The eight cases in the US, out of some seven million people who had received the vaccine, all involved people under the age of 60, the majority of whom were women, it said. “Based on the currently available evidence, specific risk factors have not been confirmed,” the EMA said.
Johnson & Johnson last week delayed the rollout of its single-shot jab across Europe pending the result of the EMA probe. The drugmaker said earlier that it was “very confident” in its vaccine and hopeful for a quick resolution from regulators over its status.

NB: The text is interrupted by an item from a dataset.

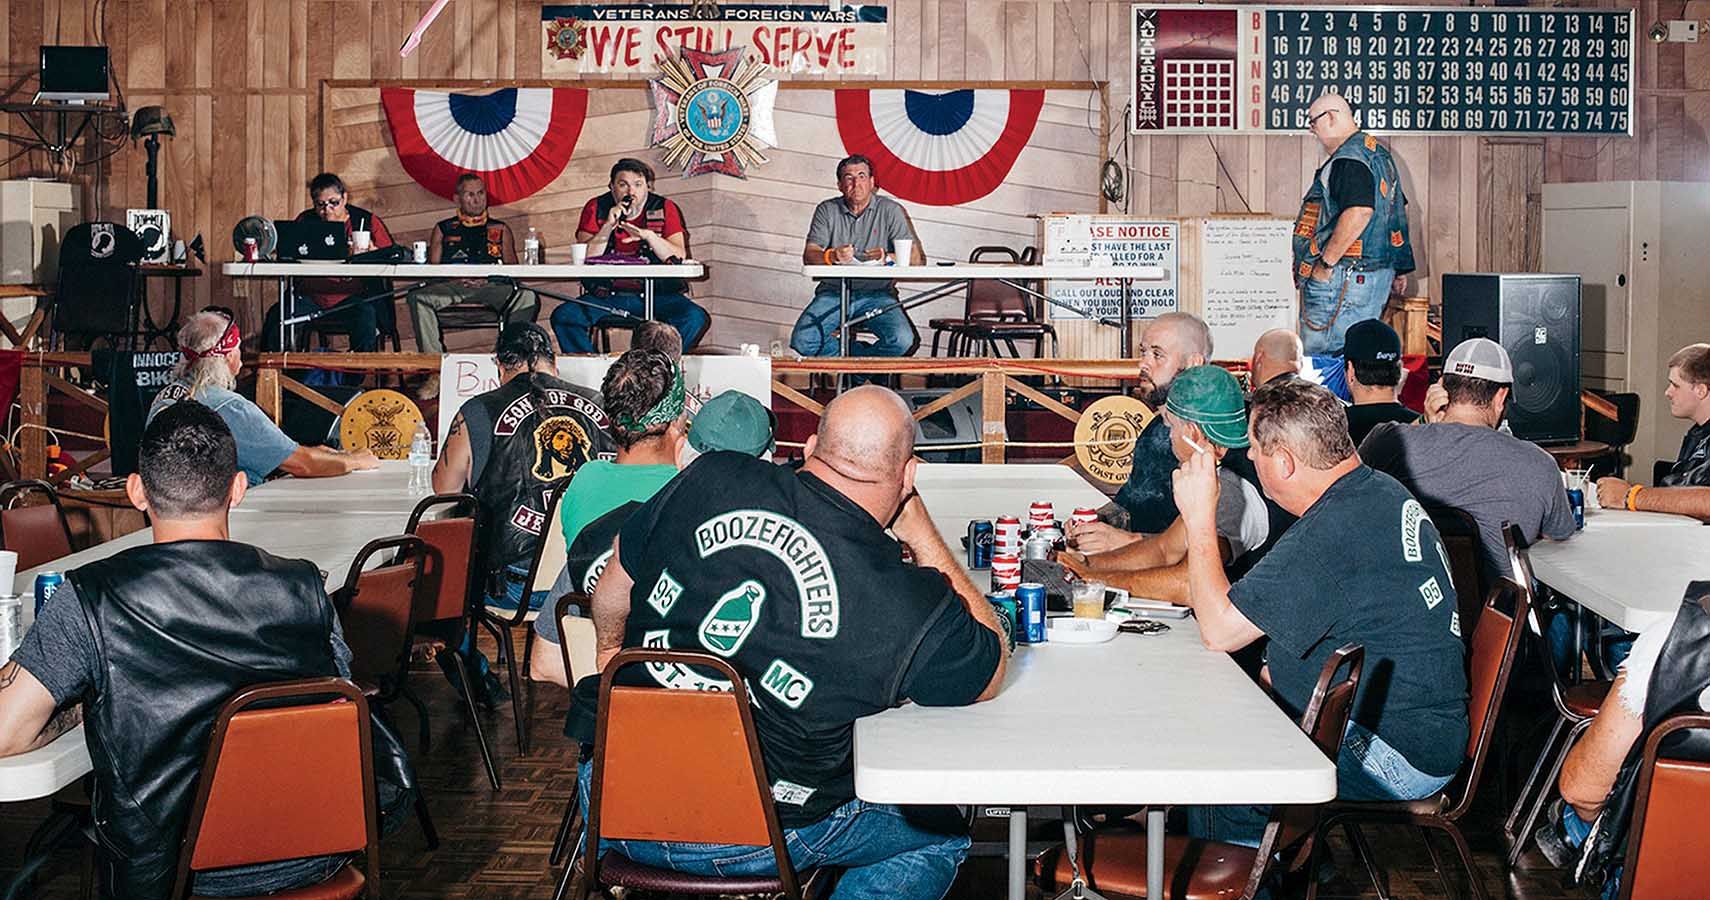 All The Motorcycle Club's Meetings Also Have A Strict Code Of Conduct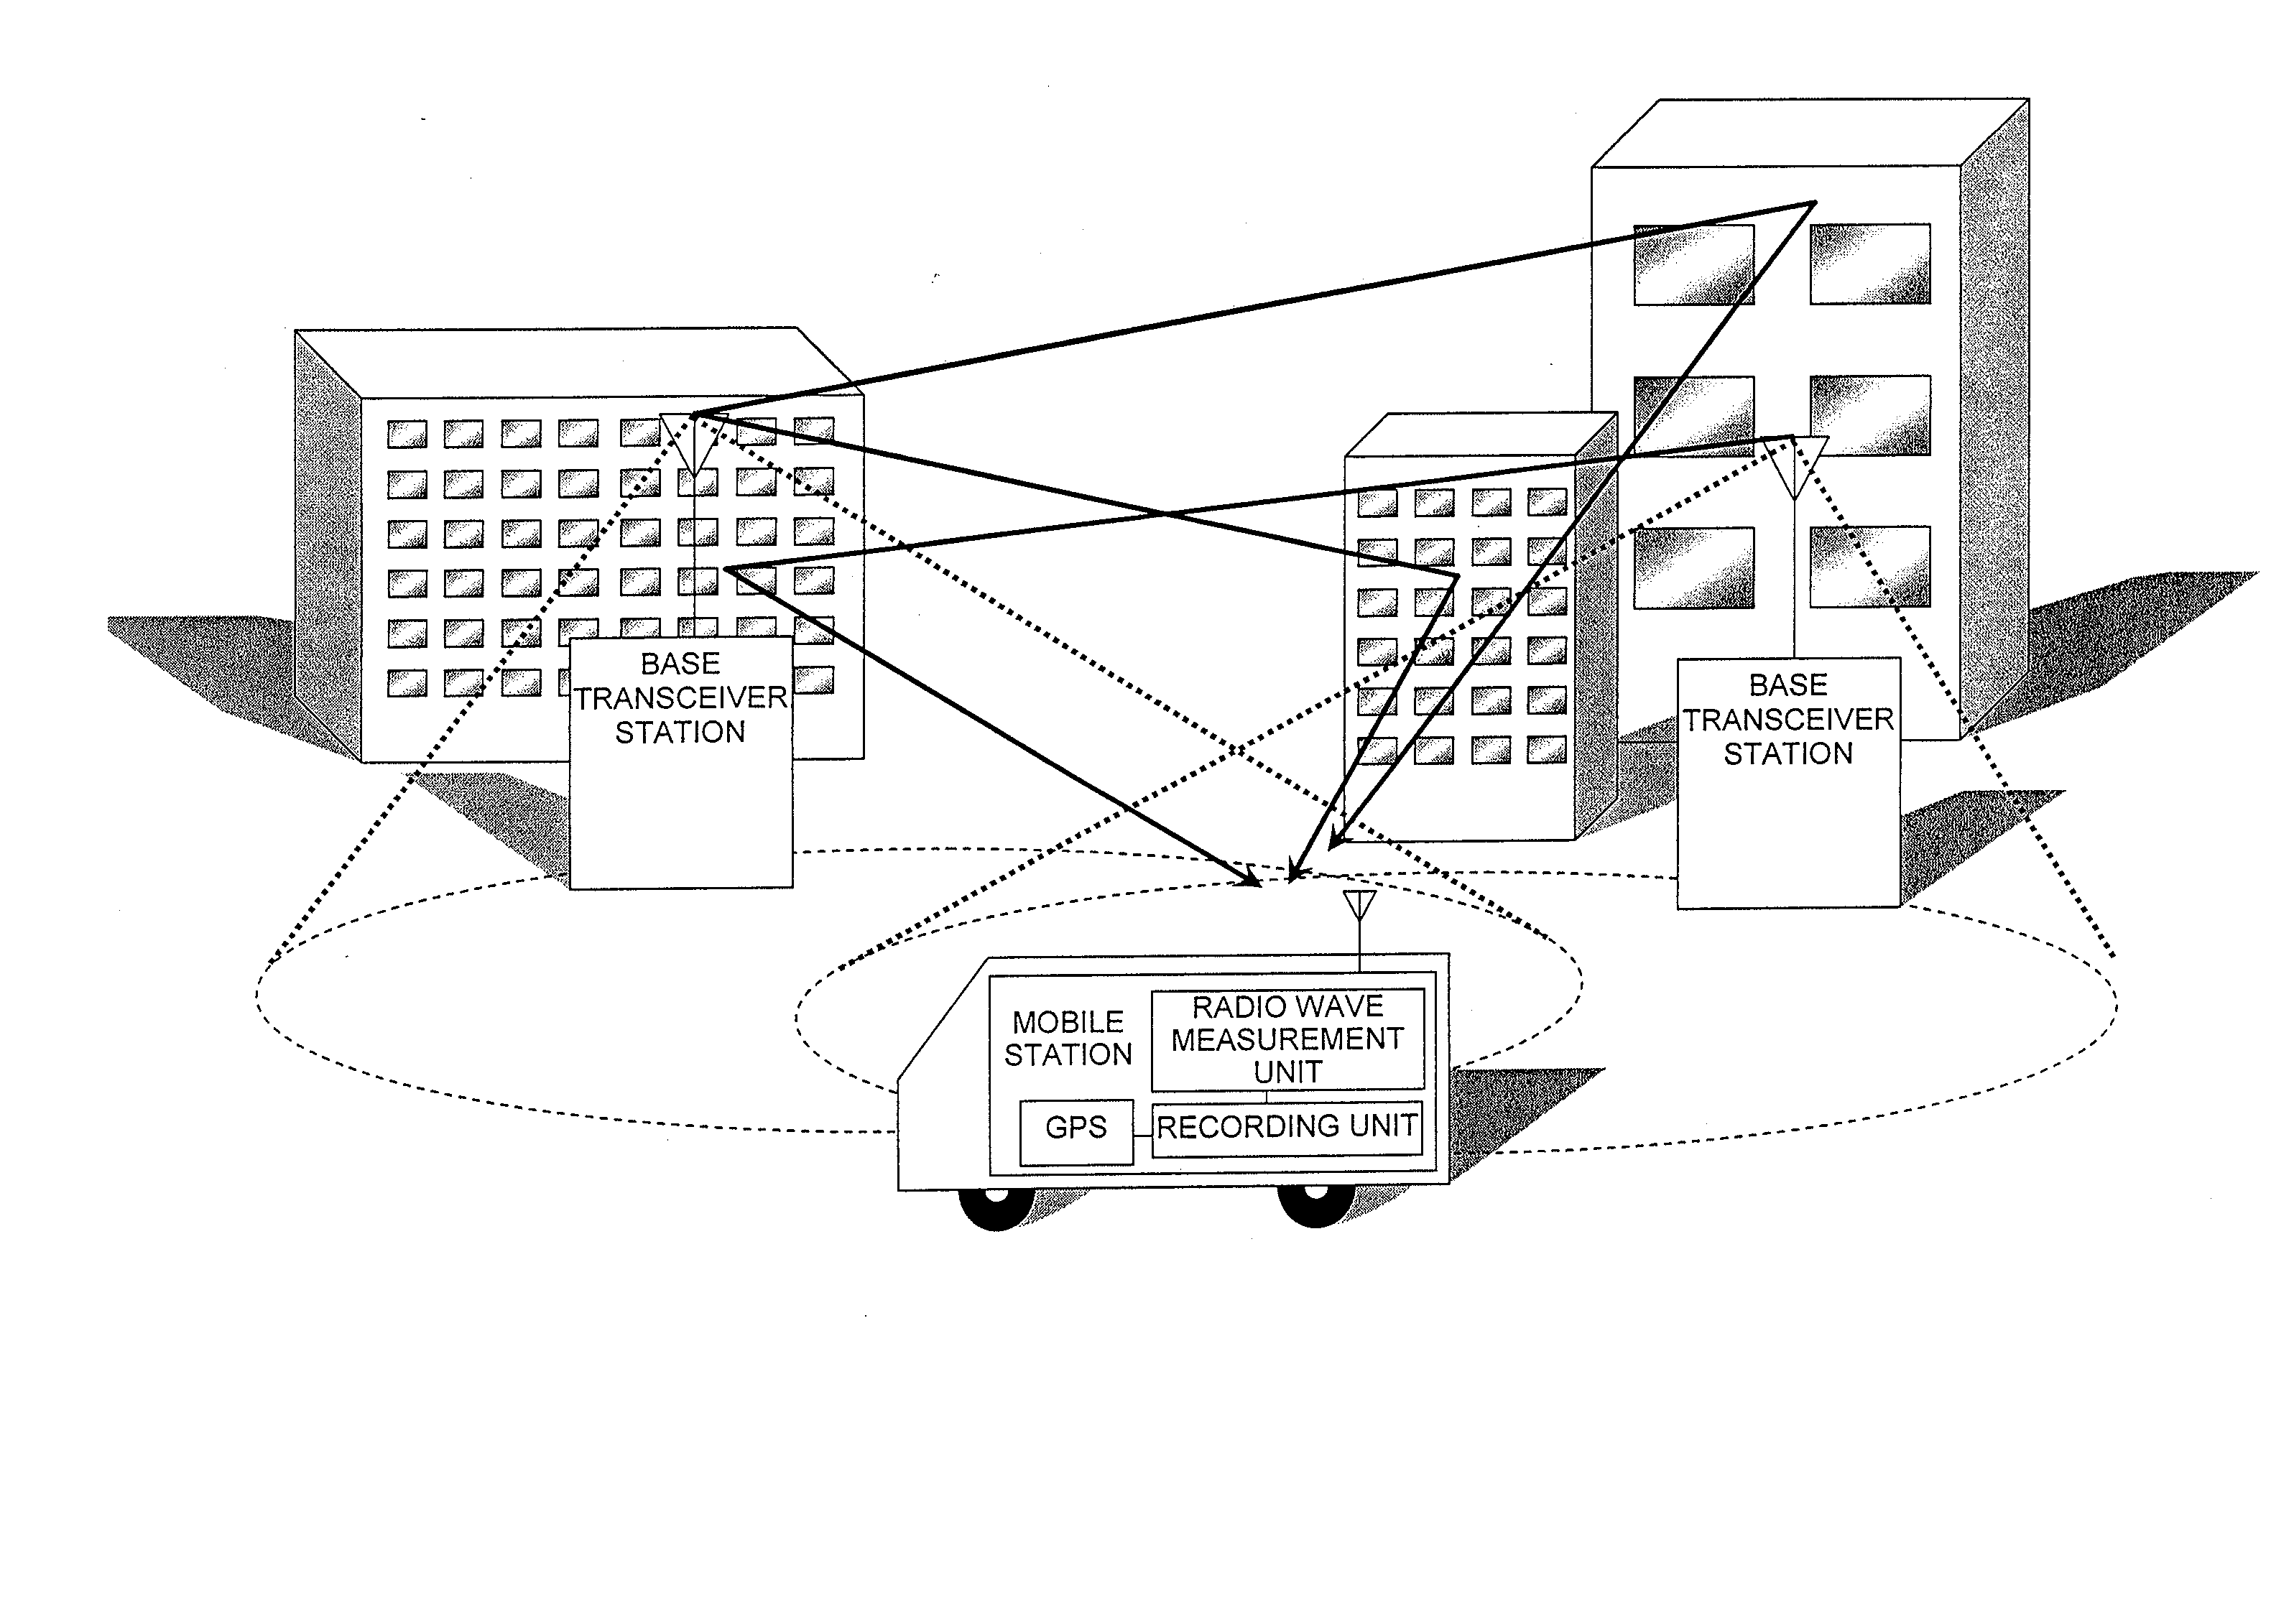 Radio Service Area Quality Information Acquisition System

The EU approved the Johnson & Johnson shot on March 11 and started taking delivery of the vaccine on April 19. But with concerns already mounting over clots linked to AstraZeneca, the EMA announced on April 9 that it was also probing cases connected to the J&J vaccine. Meanwhile, US regulators have suspended the Johnson & Johnson vaccine and are set to announce its decision soon.
Adenovirus vector technology
Both the Johnson & Johnson and AstraZeneca vaccines use the same adenovirus vector technology. They use a common-cold causing adenovirus, modified so it cannot replicate, as a “vector” to shuttle genetic instructions into human cells, telling them to create a protein of the coronavirus, and training them to be ready for live COVID-19.
AstraZeneca opted for a chimpanzee adenovirus, J&J for a human adenovirus. Other COVID-19 adenovirus vector vaccines include Russia’s Sputnik V and China’s CanSino.
However, many European countries have continued to restrict the use of AstraZeneca, despite the EMA declaring it safe and saying blood clots are only a “very rare” side effect.